» Your goal: What are the lines, copied exactly, from the one containing "GUESS STEEL W0467L1,Women's" through the final line of the material? Leave the pictures out.

» Information supplied:
┄┄┄┄┄┄┄┄┄┄┄┄┄┄┄┄┄┄┄┄

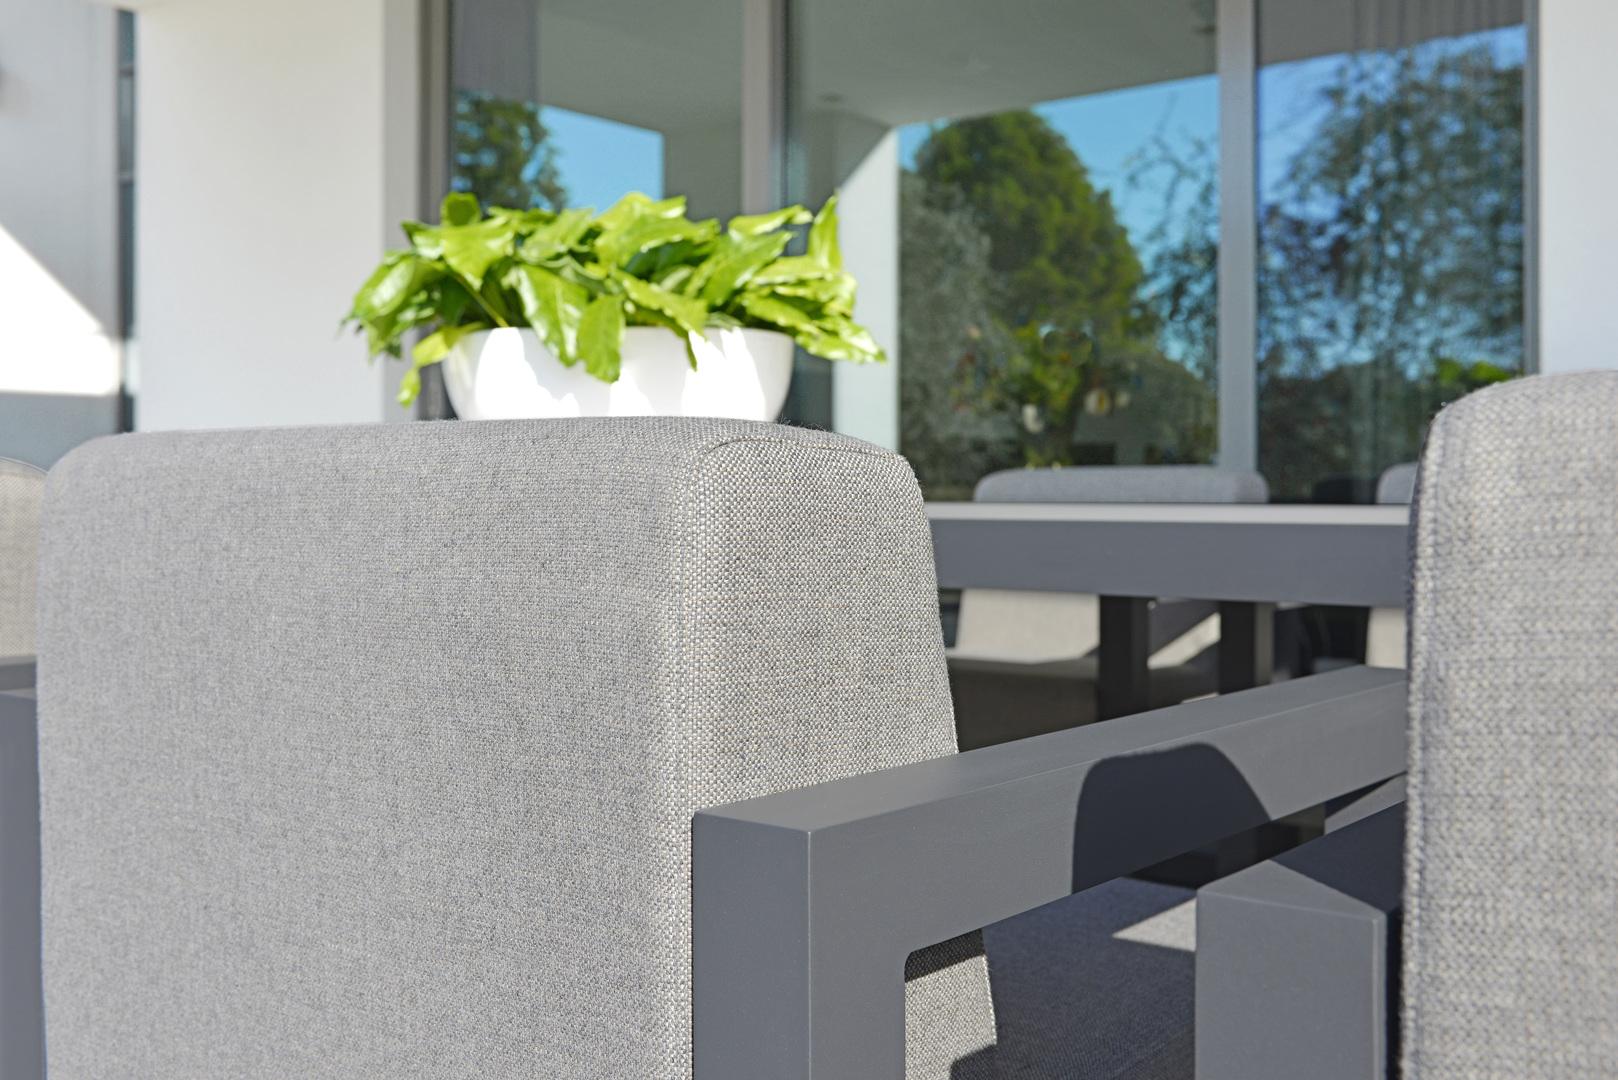 2017 Borek alu outdoor fabric Bergen chair detail-1.jpg
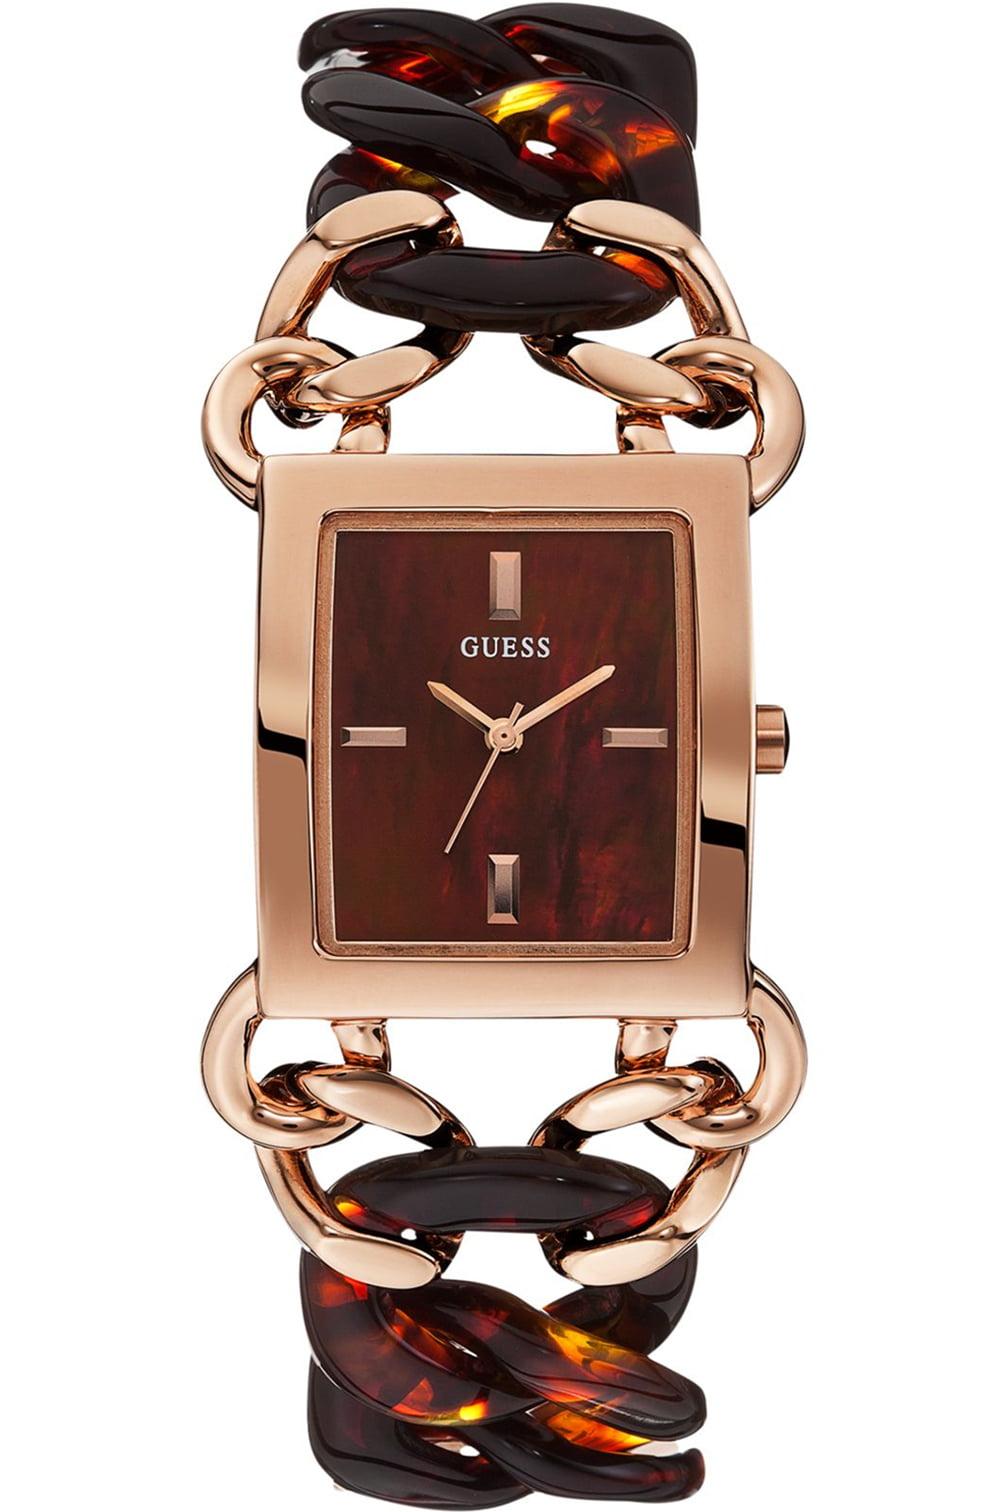 GUESS STEEL W0467L1,Women's Dress Elegant,Stainless Steel Case & Bracelet,Rose Gold Tone,Brown Dial,WR
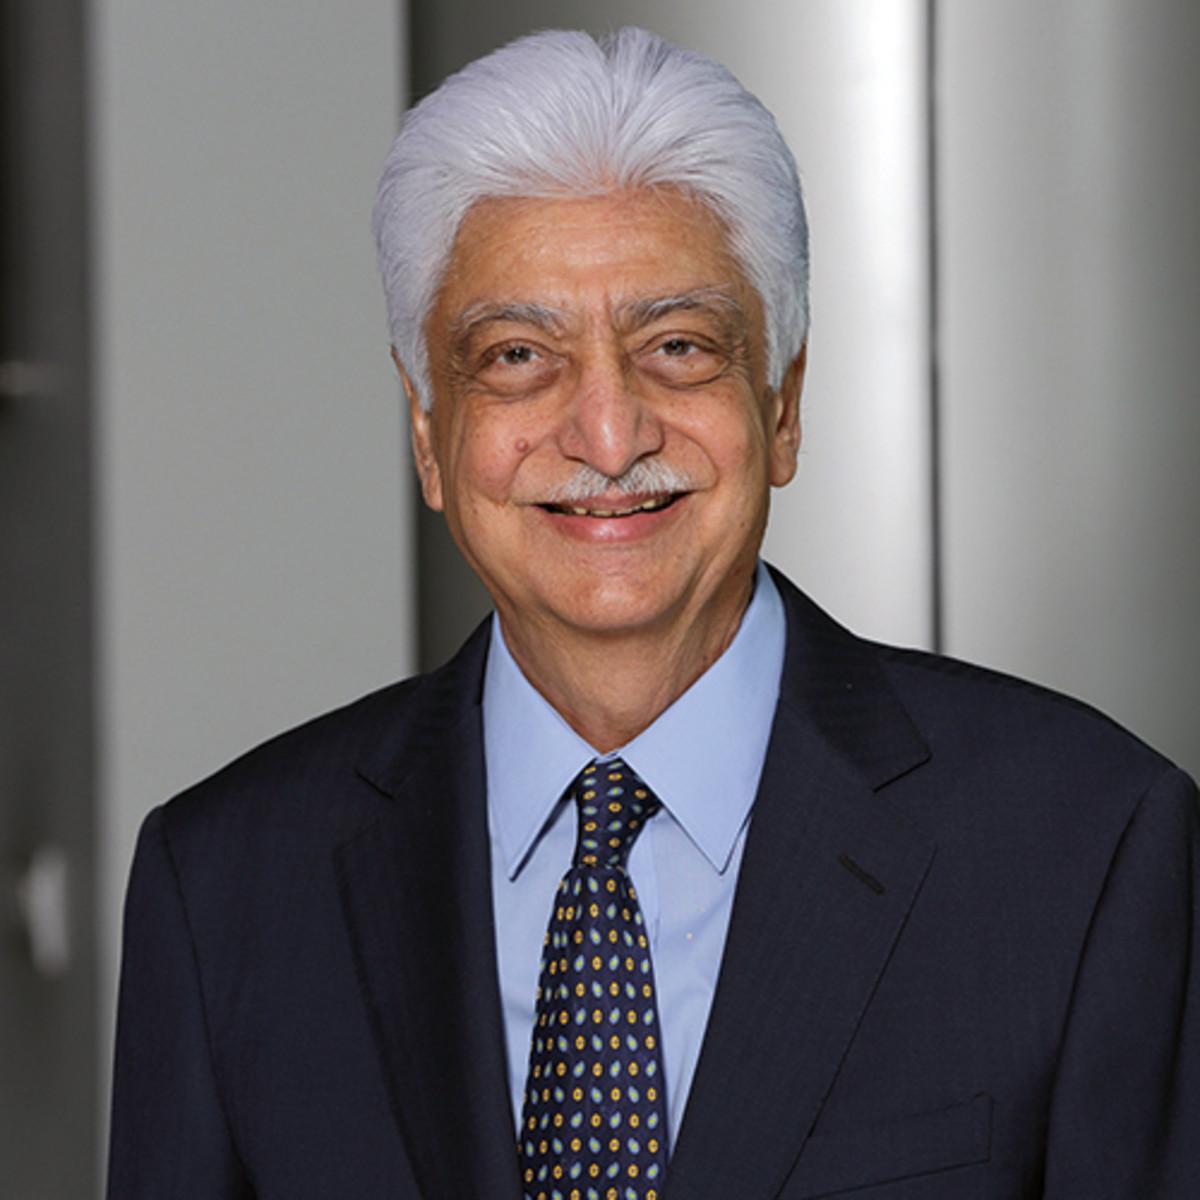 Azim Premji, Founder of Wipro

┄┄┄┄┄┄┄┄┄┄┄┄┄┄┄┄┄┄┄┄

» Solution to this task:
 GUESS STEEL W0467L1,Women's Dress Elegant,Stainless Steel Case & Bracelet,Rose Gold Tone,Brown Dial,WR
 Azim Premji, Founder of Wipro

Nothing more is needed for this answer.